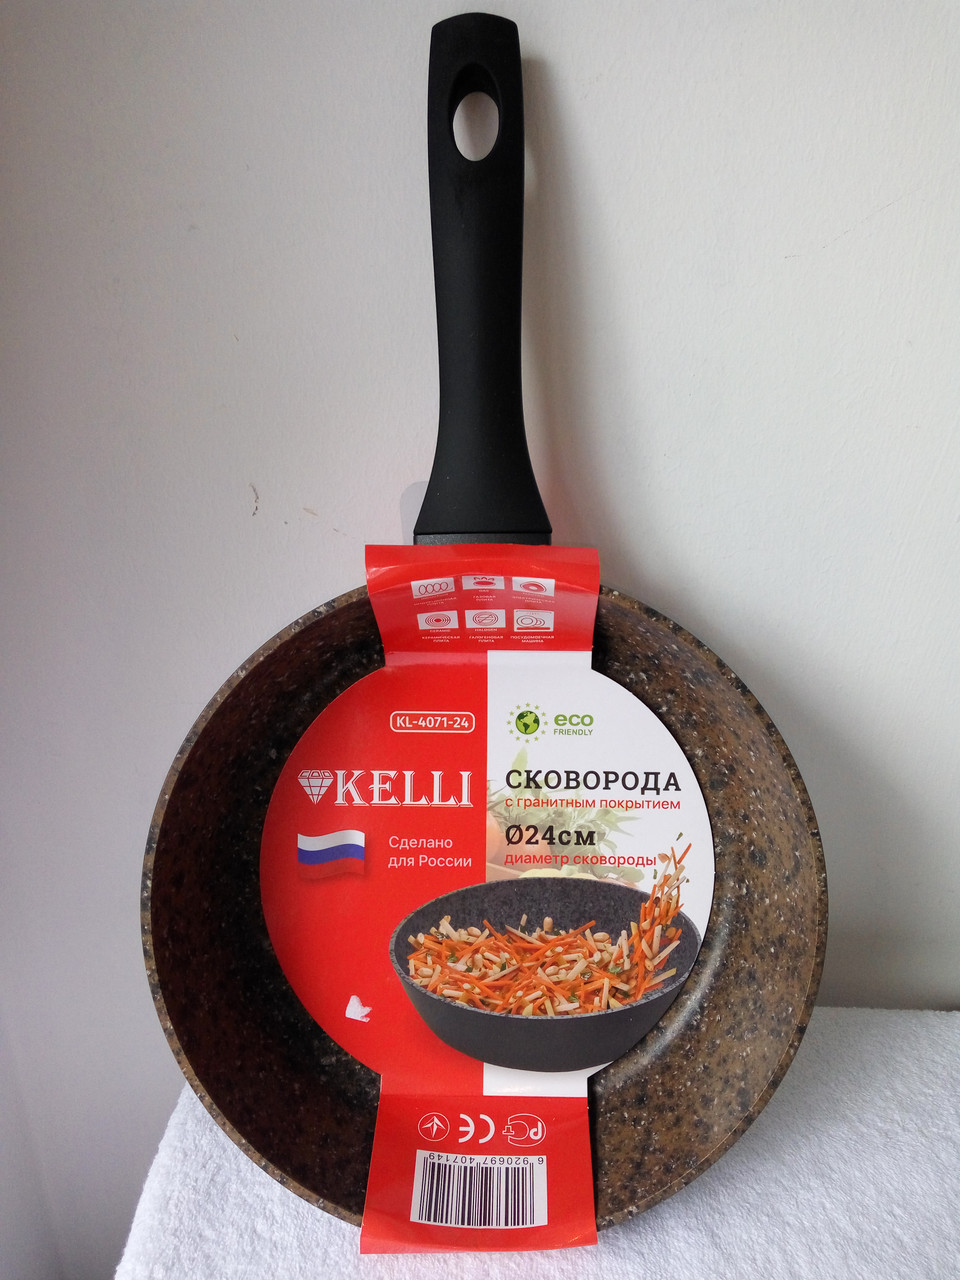 Сковорода с гранитным покрытием Kelli 26 см, KL 4071 26
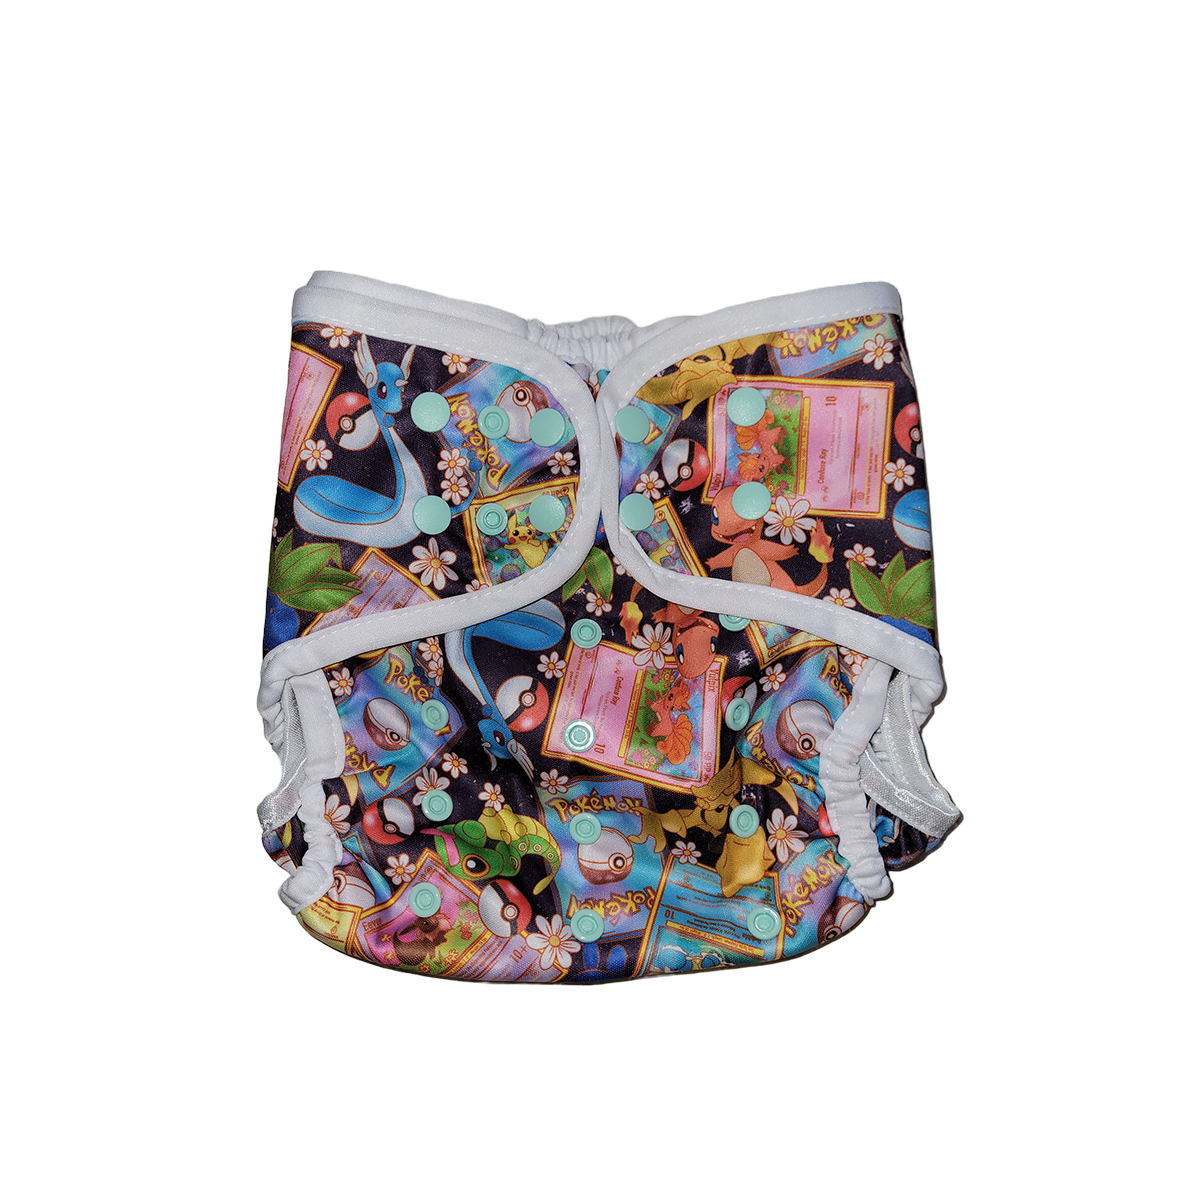 Diaper Cover sizes XL/Mega - Cynthia
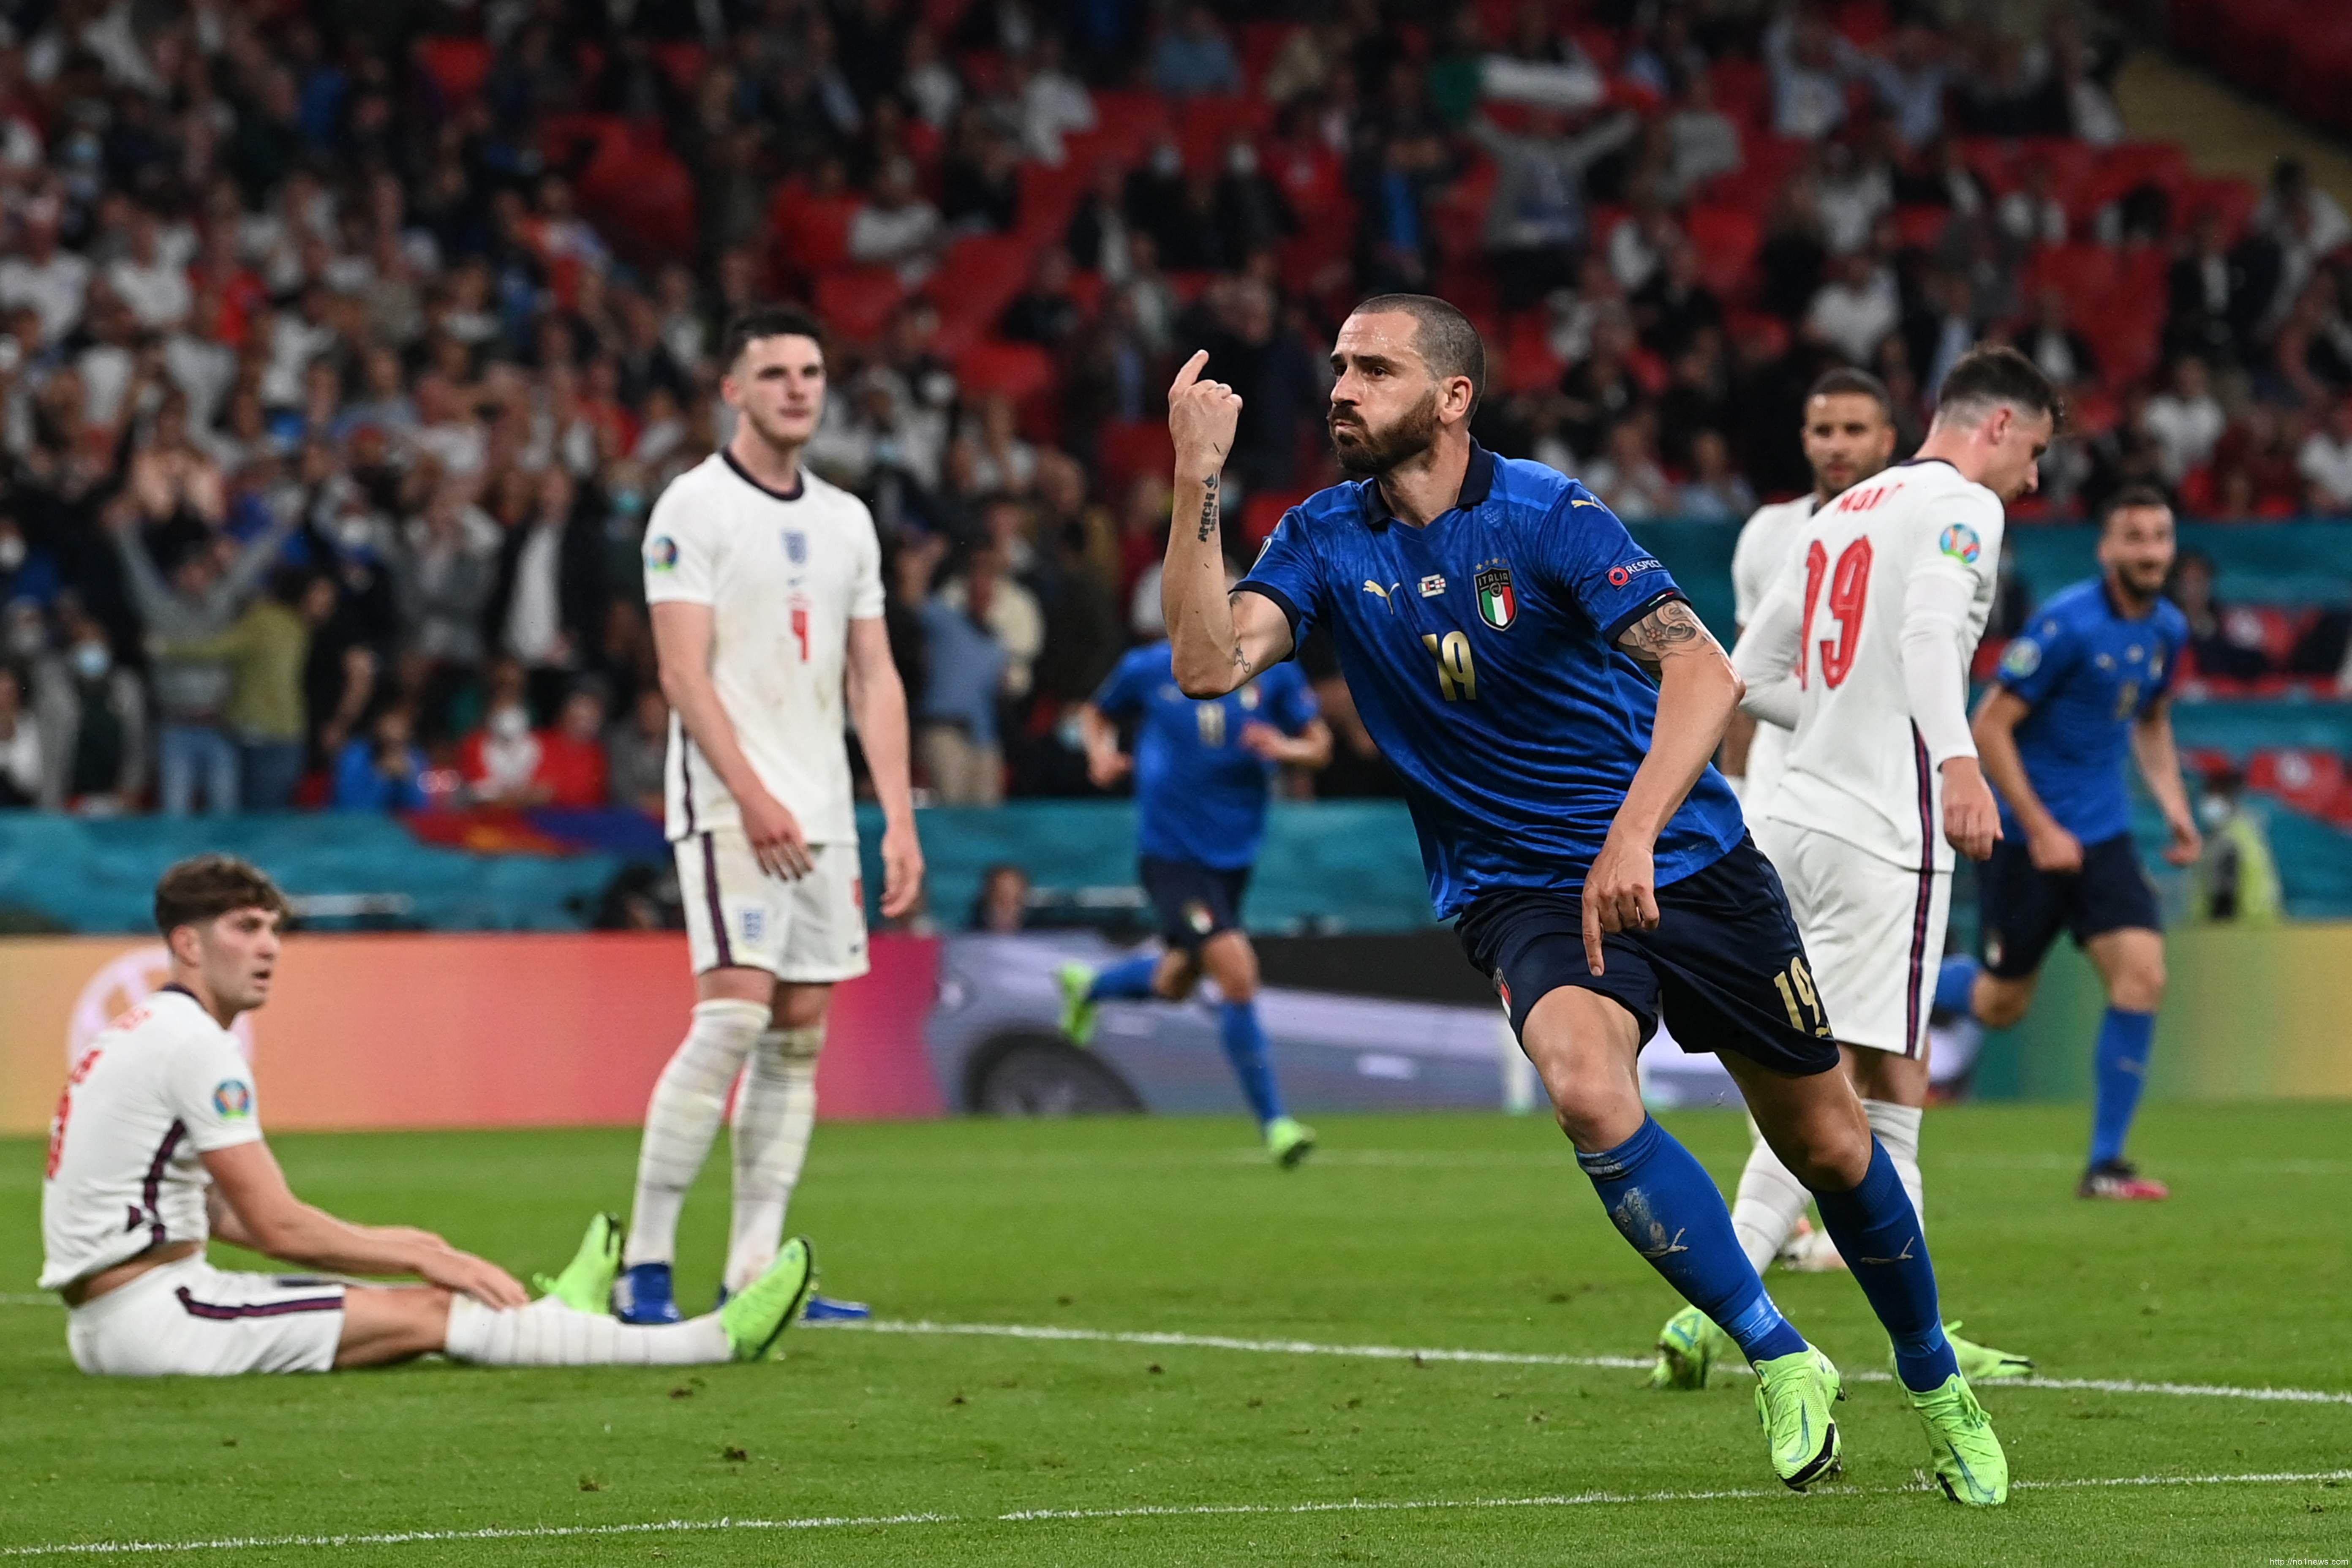 意大利点球击败英格兰,53年后再夺欧洲杯冠

What you need to do: Print the full listing exactly, dropping the pictures.

Expected answer:
 Сковорода с гранитным покрытием Kelli 26 см, KL 4071 26
 Diaper Cover sizes XL/Mega - Cynthia
 意大利点球击败英格兰,53年后再夺欧洲杯冠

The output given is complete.